Around half the world’s population still lacks access to the internet. Companies like Facebook, SpaceX, and Amazon want to change that by launching constellations of satellites into the sky, which will beam internet back down to Earth. But even if these projects succeed, tech giants may face a more fundamental problem in bridging the digital divide: language.
There are thousands of different tongues spoken around the world, but most of the content on the web is only available in a select few, primarily English. More than 10 percent of Wikipedia is written in English, for example, and almost half the site’s articles are in European dialects. Getting one billion more people online is often held up as the next major milestone, but when they log on for the first time, those users may find the internet has little to offer in the primary languages they speak.
“Approximately 5 percent of the world speaks English at home,” said Juan Ortiz Freuler, a fellow at the World Wide Web Foundation, during a panel at the RightsCon conference in Tunisia Wednesday, but around “50 percent of the web is in English.” Freuler argued the internet has facilitated “cultural homogenization,” now that the majority of its users rely on Facebook and Google, and communicate in the same dominant languages. But the problem “is not because of changes in technology,” said Kristen Tcherneshoff, the community director of Wikitongues, an organization that promotes language diversity. Corporations and governments largely didn’t provide the resources and support necessary to bring smaller languages online.
Many of the biggest online platforms were founded in Silicon Valley, and started with primarily English-speaking user bases. As they’ve expanded around the world and to different languages, they’ve been playing catch-up. Facebook has faced criticism for not employing enough native speakers to monitor content in countries where it has millions of users. In Myanmar, for example, the company for years had only a handful of Burmese speakers as hate speech proliferated. Facebook has admitted that it did not do enough to prevent its platform from being used to incite violence in the country.
Another part of the problem stems from the fact that relatively few datasets have been created in these languages that are suitable for training artificial intelligence tools. Take Sinhala, also known as Sinhalese, which is spoken by around 17 million people in Sri Lanka and can be written in four different ways. Facebook’s algorithms—trained primarily on English and other European languages—don’t map well to it. That makes it difficult for the social network to automatically identify things like hate speech in the country, or stop the flow of misinformation after a terrorist attack.
But Tcherneshoff says language diversity is about more than just practicality, it’s about expression. Jokes, emotions, and art are often difficult, if not impossible, to translate from one language to another. She pointed to projects like the Mother Language Meme Challenge, which invited people to make memes in their native tongue for UNESCO’s International Mother Language Day in 2018. The idea, in part, was to demonstrate how humor is often intimately tied to language.

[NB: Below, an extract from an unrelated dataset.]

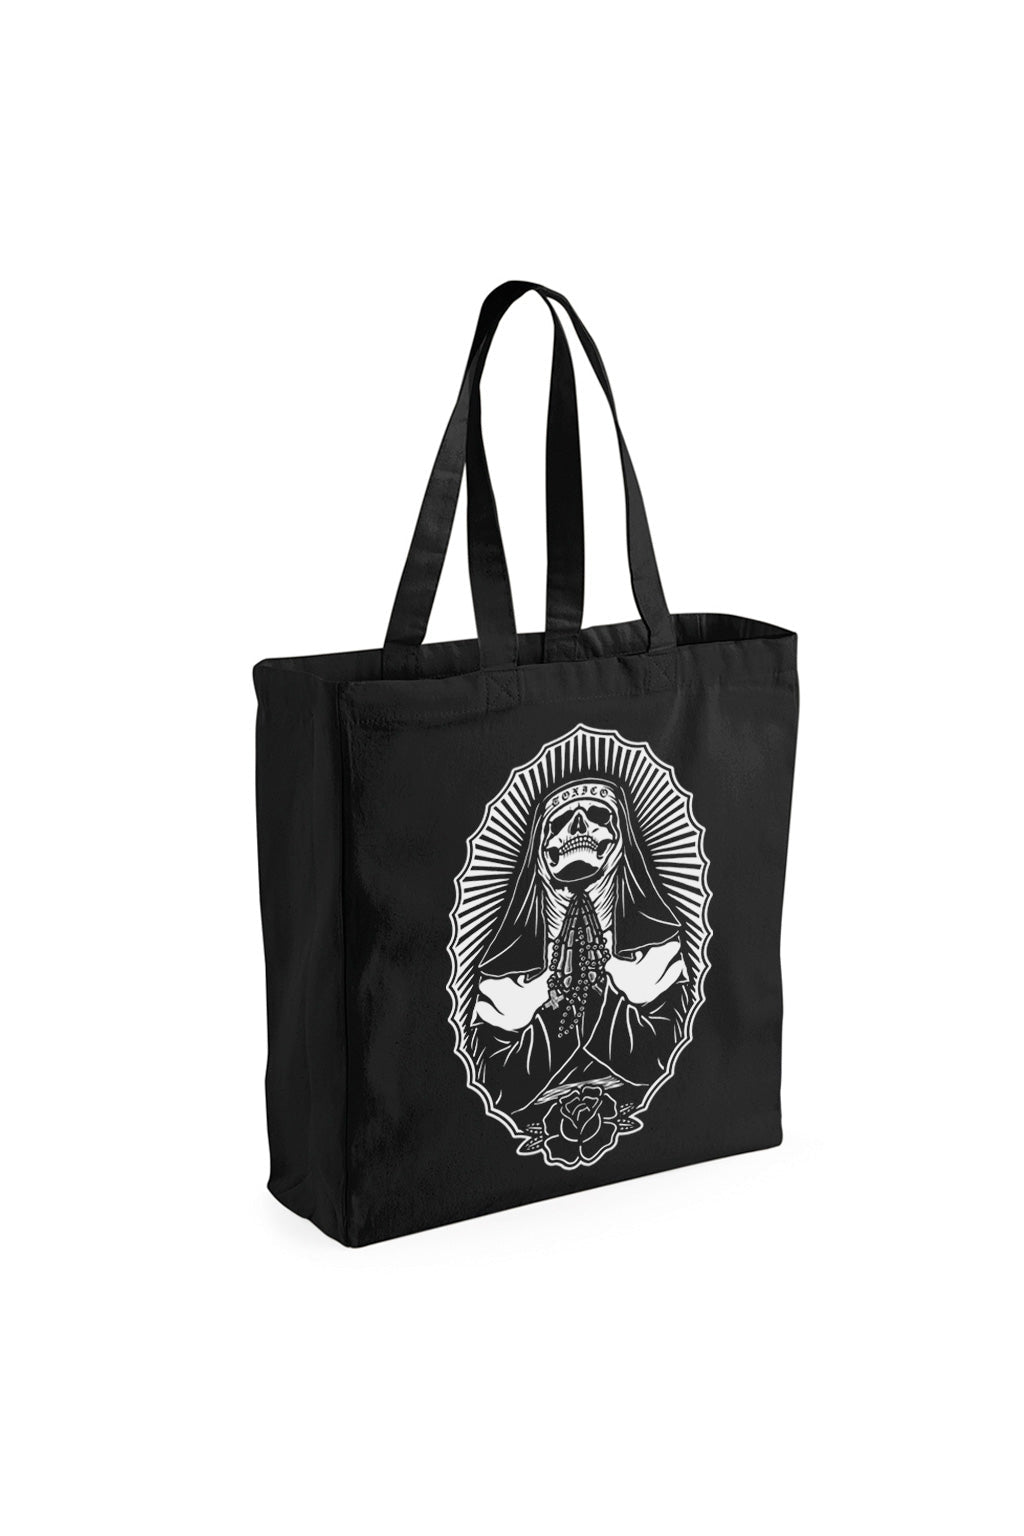 Nun Shopping Bag-Toxico-Dark Fashion Clothing

Mozilla is one organization working to crowdsource language datasets that can be used by any developer for free, like Common Voice, which it claims is “the world’s most diverse voice dataset.” It includes recordings from over 42,000 people in dominant languages like English and German, but also Welsh and Kabyle. The project is designed to give engineers the tools they need to build things like speech-to-text programs in different tongues. Mark Surman, the executive director of the Mozilla Foundation, believes open source datasets like Common Voice are one of the only viable ways to ensure more language diversity in emerging tech. At for-profit companies, the issue “falls very low on the economic ladder,” he said during the RightsCon panel.
Bringing more languages online may ultimately be an exercise in cultural preservation, rather than utility. Despite advocates’ best efforts, it’s unlikely there will ever be as many websites in Yoruba, say, as there are in French or Arabic. New internet users may simply opt to browse in their second or third language instead of their native tongue.
At the same time, corporations like Google have built programs that make it easier to access online content in different languages, like Google Translate. Google also gave some of its tools to Wikipedia to help translate articles, although they still require careful review by native speakers; Wiki editors have complained that the Google tools sometimes produce shoddy results. For the time being, promoting language diversity online still requires the concerted effort of humans.